No Pookey, its not about either of us, its about data loss, and how not to be in that situation.

I haven't 'gone on' about being skint; but like most folk, I have to operate within a limited budget, a budget in which £300 is not an insignificant triffle I can afford to spend on a whim. £5 for a pack of discs? Yeah... that I can handle from time to time.

OP? No we dont know how much money he might have, but baulking at spending aprox £250 on disc recovery? Probably in a similar situation where that kind of cash is not exactly 'pocket change'.

How did we get to where we are at? OP had NO back-up what so ever...
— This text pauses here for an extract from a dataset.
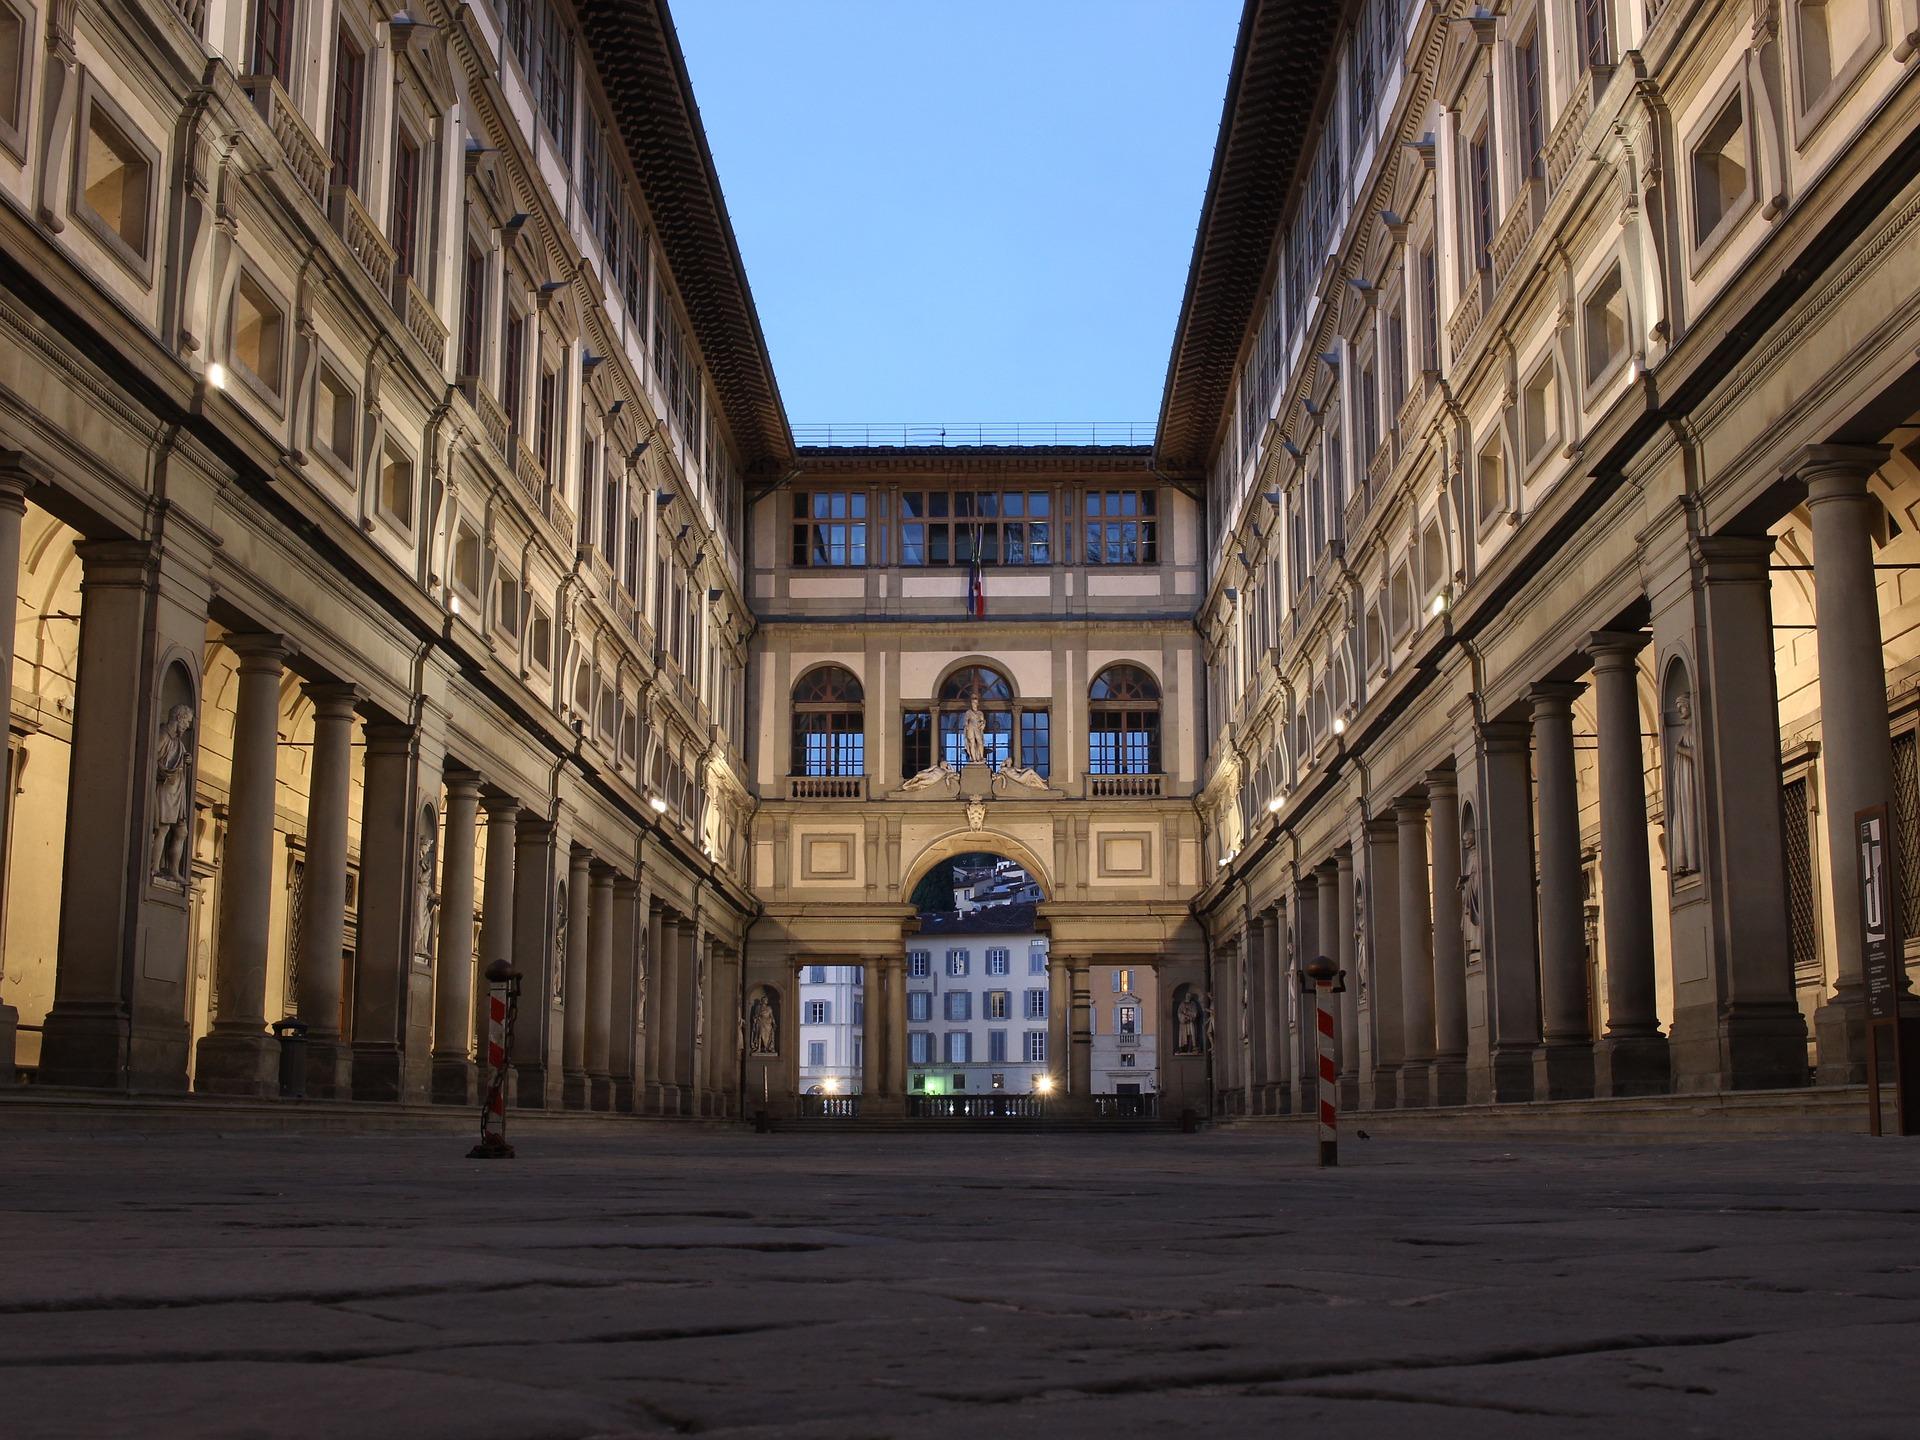 Tuscany - Florence - Uffizi Gallery 1

So you rename the file... it's just prompted you.. you can't ignore it as you have to do one or the other. If you press either Y, or N, then you're an idiot. It's just told you you already have a file of that name, and it will either overwrite or ignore... isn't it obvious enough?
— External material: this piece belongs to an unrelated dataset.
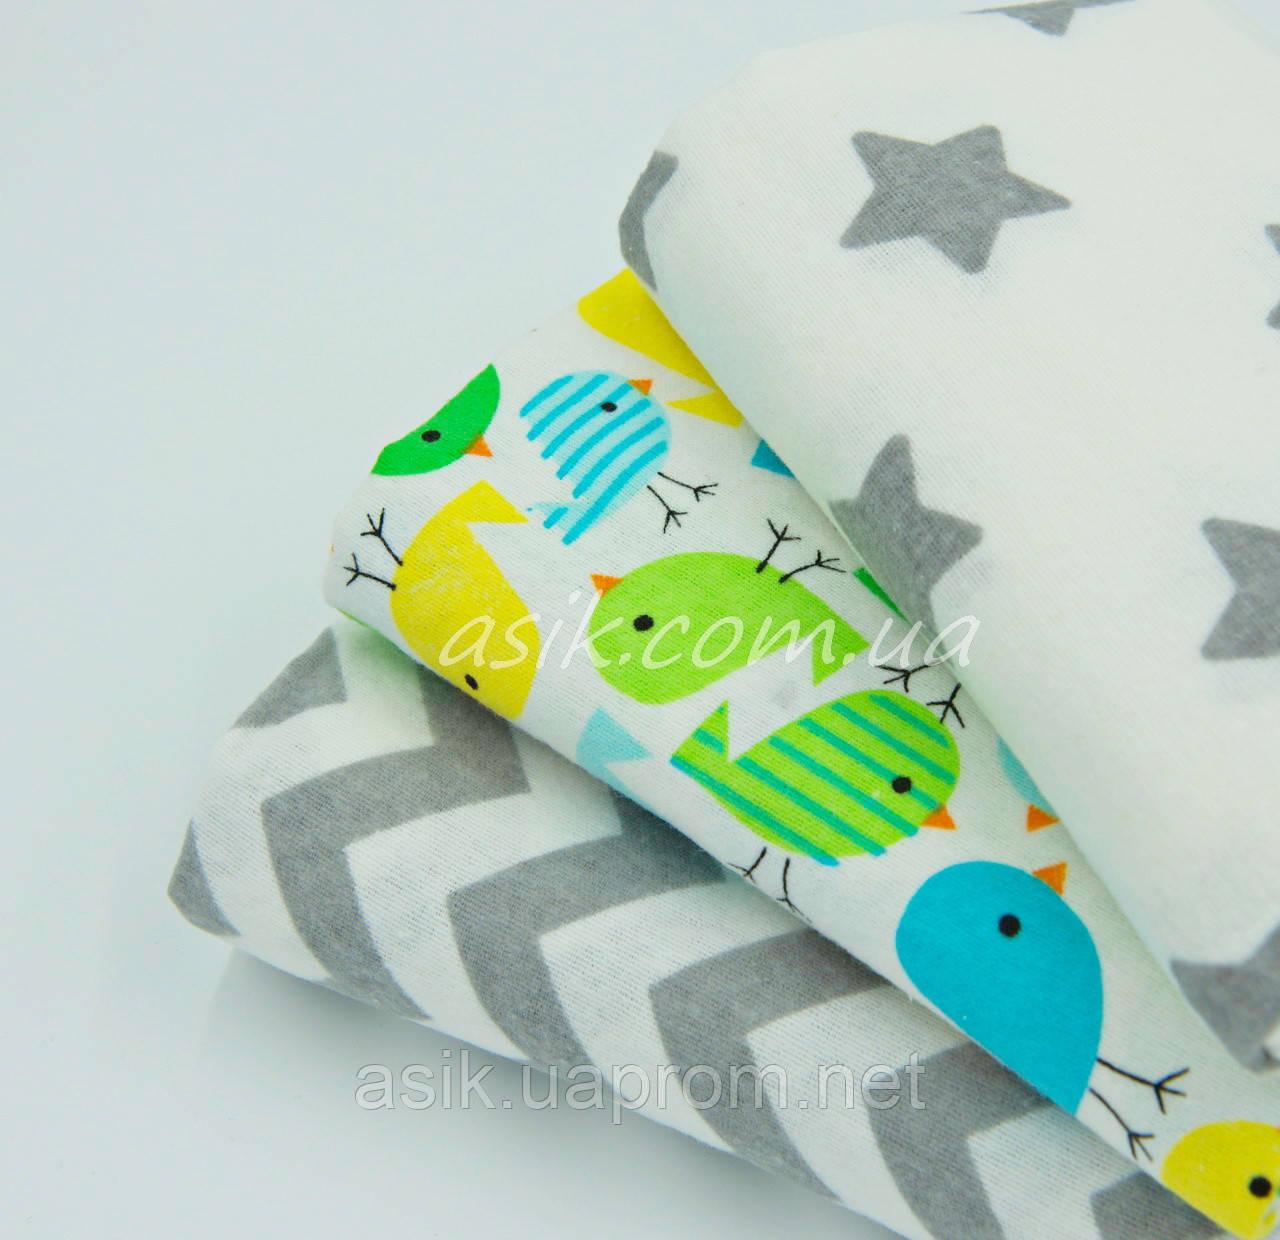 Набор фланелевых пелёнок для новорожденных из 3-х штук с салатовими воробьями (Польша) - Интернет-магазин детской постели «ASIK» в Волынской области

Pookey... {shrug} .... you presume a level of common sense that is just, FAR above what is actualy 'common'...

PEOPLE DO THIS SH..... STUFF!

You keep suggesting people that do 'Daft' things with computers are 'idiots' or fools.... YET, this thread started with JUST that level of non Computer Savvy bit of 'Numptyness'!

THAT is what it is about....

Mike.. you may not have had a disc problem yet... but it's coming. I'm still assuming you have no other back up once you archive them to DVD... you never did answer that... if so... there's a whole world of hurt heading your way.

Not what I do for data-protection, or you, or who's better at it, or got the better equipment for the job.... irrelevent.

There are folk out there doing bog all.... following the instructions on screen, not thinking about it... NOW wondering if they should.....

And you are suggesting practices and precautions at a level FAR beyond the numptyness of the OP, and the typical chap in the street who has £500 worth of camera equipment and thinks that that is pretty 'special' compared to the typical consumer compact or camera-phone, and suggesting that to protect the pictures it makes.... they need spend as much again on hardware and protection software!

Fitness for purpose... and CD/DVD... its cheap; its convenient; its probably within the sphere of comprehension of the average 'consumer', following the instructions in the burner wizard; & as a primary precaution, it can SERVE THAT PURPOSE... may not be the 'best' or the longest lasting.... but its a chuck site better than nothing, with a fair chunk of advantages over a single external HDD, as far as overall risk management goes. For the 'average' numpty... only 'just' giving it any thought at all!